Culture juive | Publication
Le dibouk - Shloyme An-ski , traduit par Batya Baum - Maison de la culture yiddish / Bibliothèque Medem
Shloyme An-ski (Shloyme Zaynvl Rapoport, 1863-1920), écrivain en yiddish et en russe, folkloriste et homme politique, a conçu dès 1911 l'idée d'un drame en langue russe autour du motif folklorique du dibbouk, l'âme invasive. C'est en 1915 qu'il en termine une première version, incorporant dans la pièce de nombreux éléments recueillis au cours de l'expédition ethnographique juive qu'il a dirigé pendant plus de deux ans à partir de 1912.
Le manuscrit russe approuvé par la censure tsariste fin 1915 (un seul exemplaire conservé, redécouvert vers 2 000) est très différent du texte qui a fait plus tard la renommée d'An-ski. Celui-ci a largement remanié la pièce en 1916, avant de la traduire lui-même en yiddish. Le théâtre hébreu Habima (fondé à Moscou en 1918) ayant décidé de commencer son activité par cette œuvre d'An-ski, on en confia la traduction, à partir des versions russe et yiddish, au poète Haim-Nakhman Bialik, dont la version hébraïque fut publiée à Moscou la même année. Quant à la version yiddish, elle fut publiée en 1919 à Vilnius, où l'auteur s'était réfugié en fuyant la Russie bolchevique avant de gagner Varsovie.
C'est dans la capitale polonaise que Der Dibuk fut créé en yiddish par l'ensemble Vilner trupe en décembre 1920, un mois après la mort de son auteur, récoltant un succès qui s'est prolongé pendant des décennies.
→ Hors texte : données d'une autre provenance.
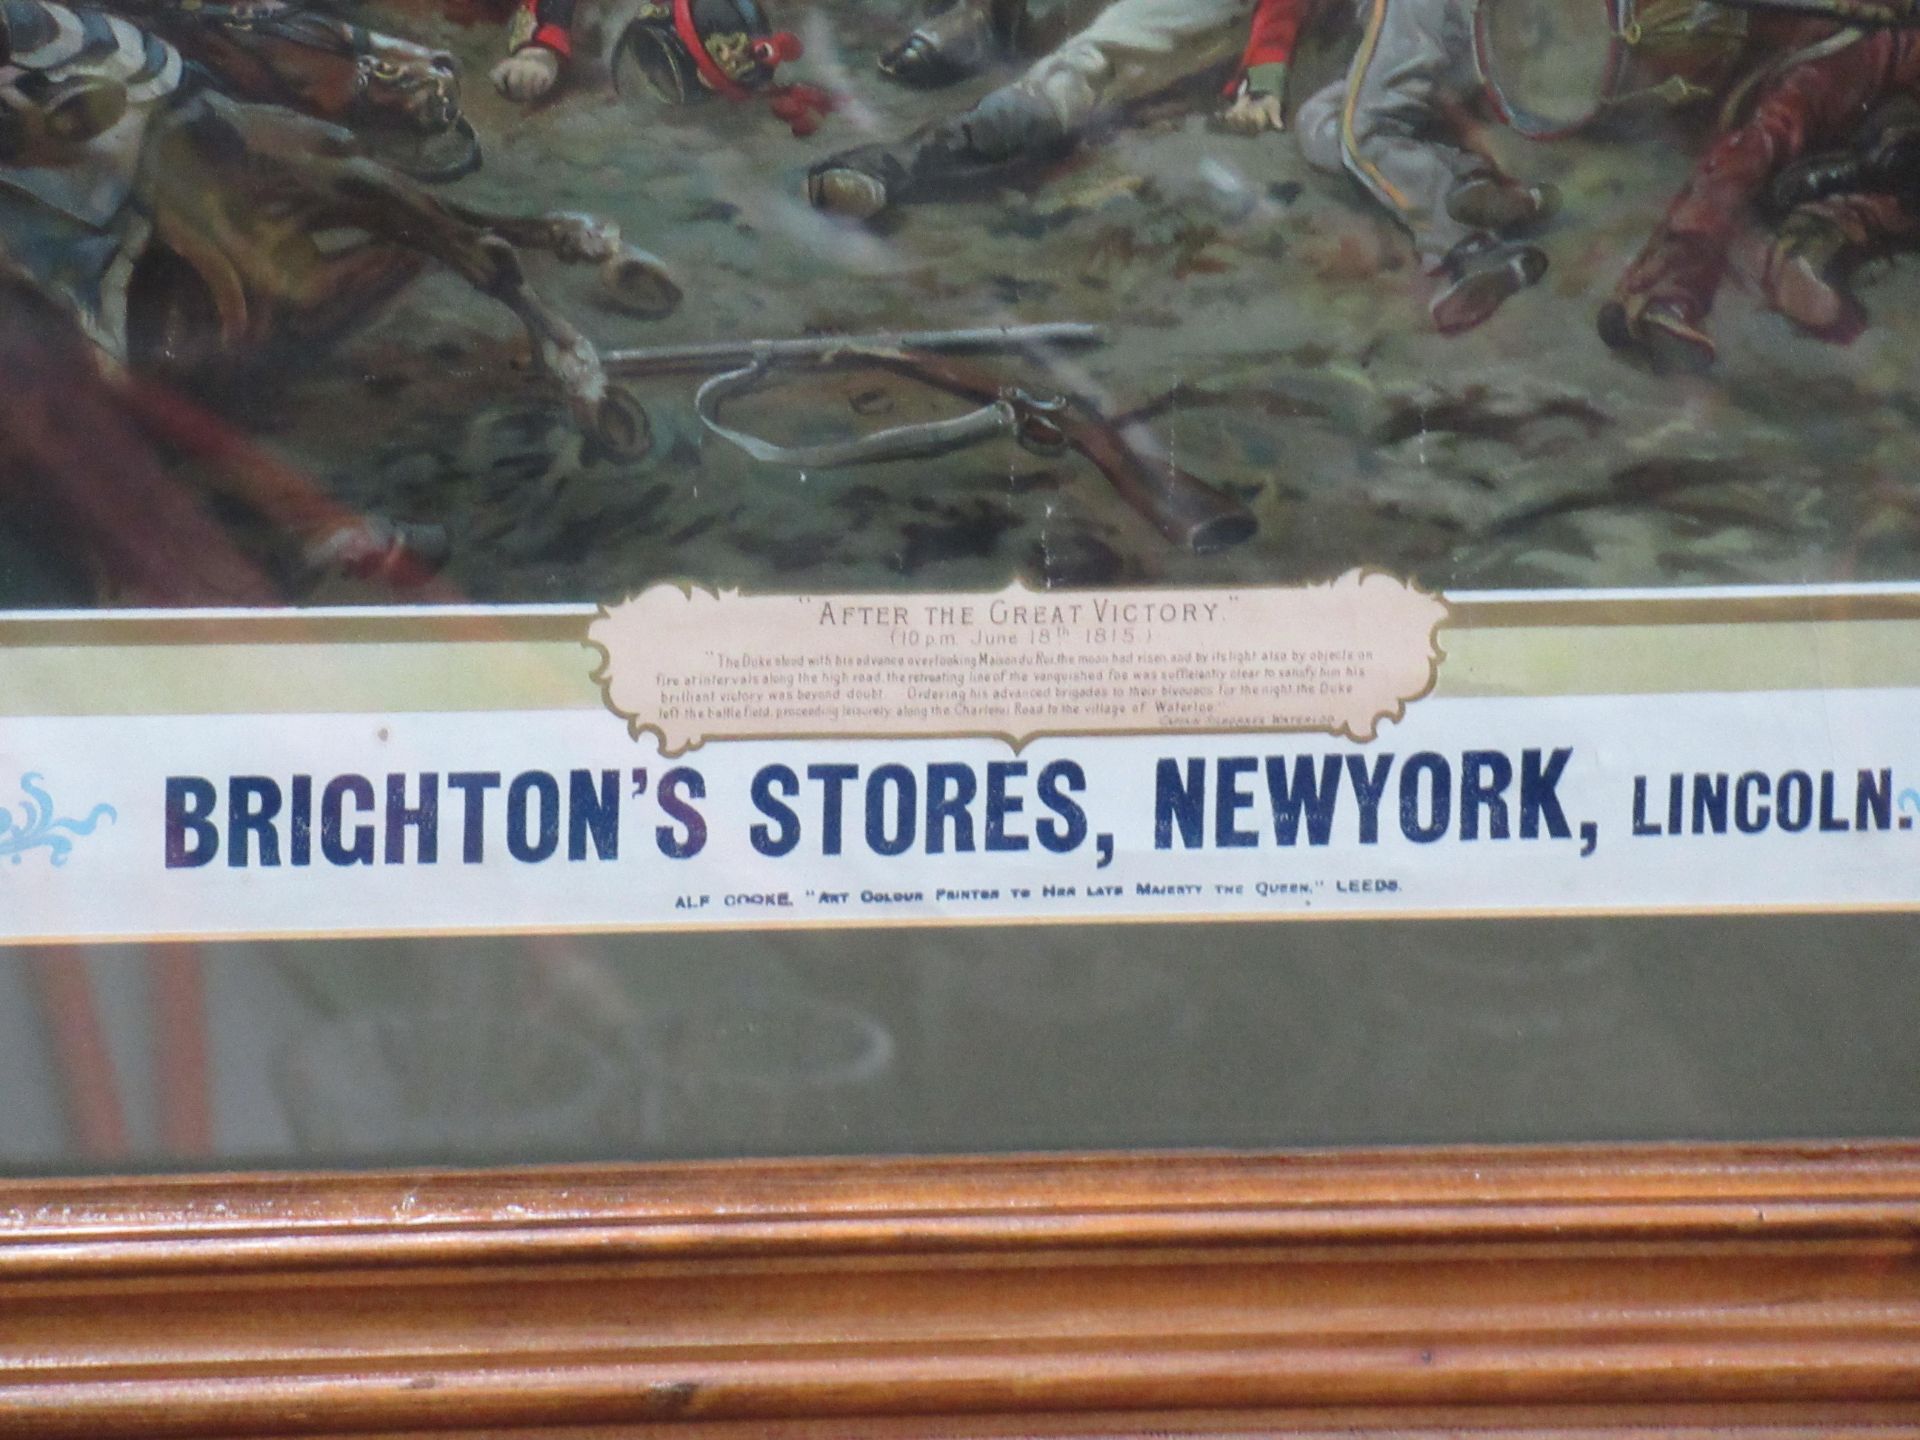 Brighton's Stores, New York, Lincoln 'After The Great Victory- 10pm June 18th 1815' 1903 calendar in - Bild 2 aus 5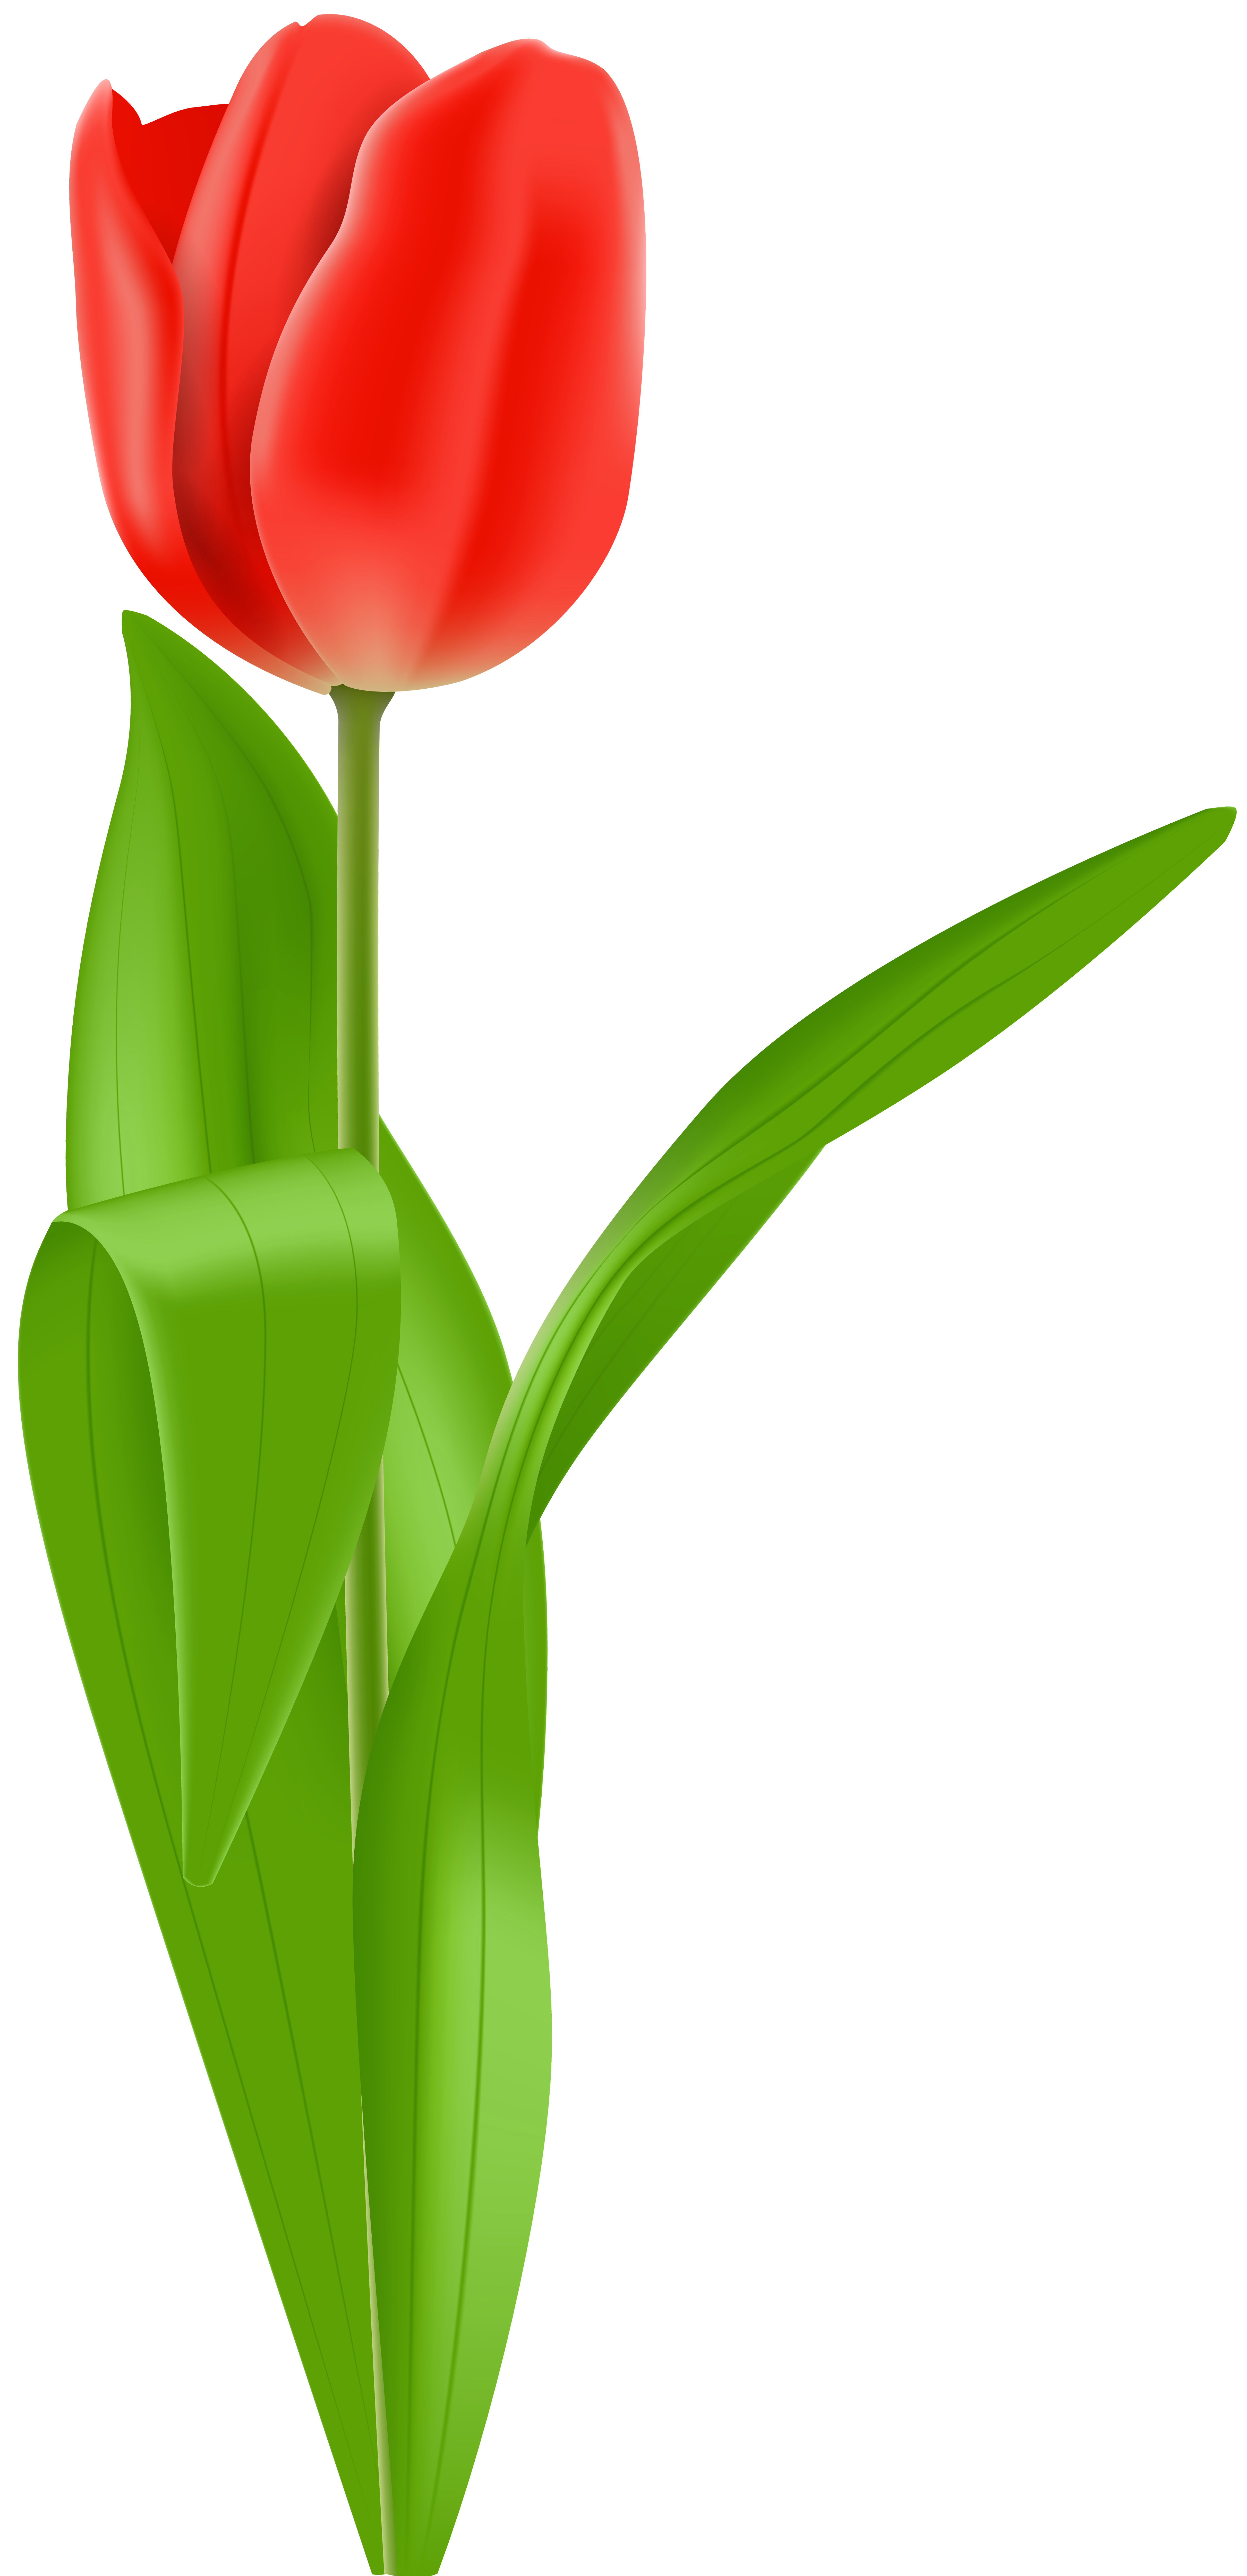 Red Tulip PNG Clip Art Image | Gallery Yopriceville - High-Quality ...

Hadibbuk en hébreu, créé par la troupe Habima à Moscou en 1922, devint la pièce principale de son répertoire pendant ses longues tournées internationales des années suivantes, ainsi que depuis l'établissement de la troupe en Palestine mandataire en 1926.
Batia Baum, récemment disparue, offre au lecteur une traduction d'une grande finesse et l'édition bilingue lui permettre de se reporter au texte original.
L'introduction d'Yitskhok Niborski permet de comprendre l'aboutissement d’une profonde évolution de l'auteur élevé initialement dans un milieu hassidique qui en est venu graduellement à rejeter ses racines et à se détacher du judaïsme, ainsi que du yiddish, pour adopter les vues socialistes des intellectuels russes de son entourage.
Ce n'est qu’ultérieurement notamment sous l'influence de Peretz qu’il en est venu à s'identifier aux vues favorables au socialisme juif naissant ainsi qu'à la renaissance nationale juive. Cette évolution l’a amené à renouer avec ses origines comme l’illustrent les reportages bouleversants qu'il a rédigés au sujet de la persécution des Juifs en Galicie ainsi que sa contribution extraordinaire à l’historiographie du folklore juif d'Europe orientale.
Cette nouvelle édition éditée par la Maison de la culture yiddish / Bibliothèque Medem a reçu le soutien de la Fondation pour la Mémoire de la Shoah.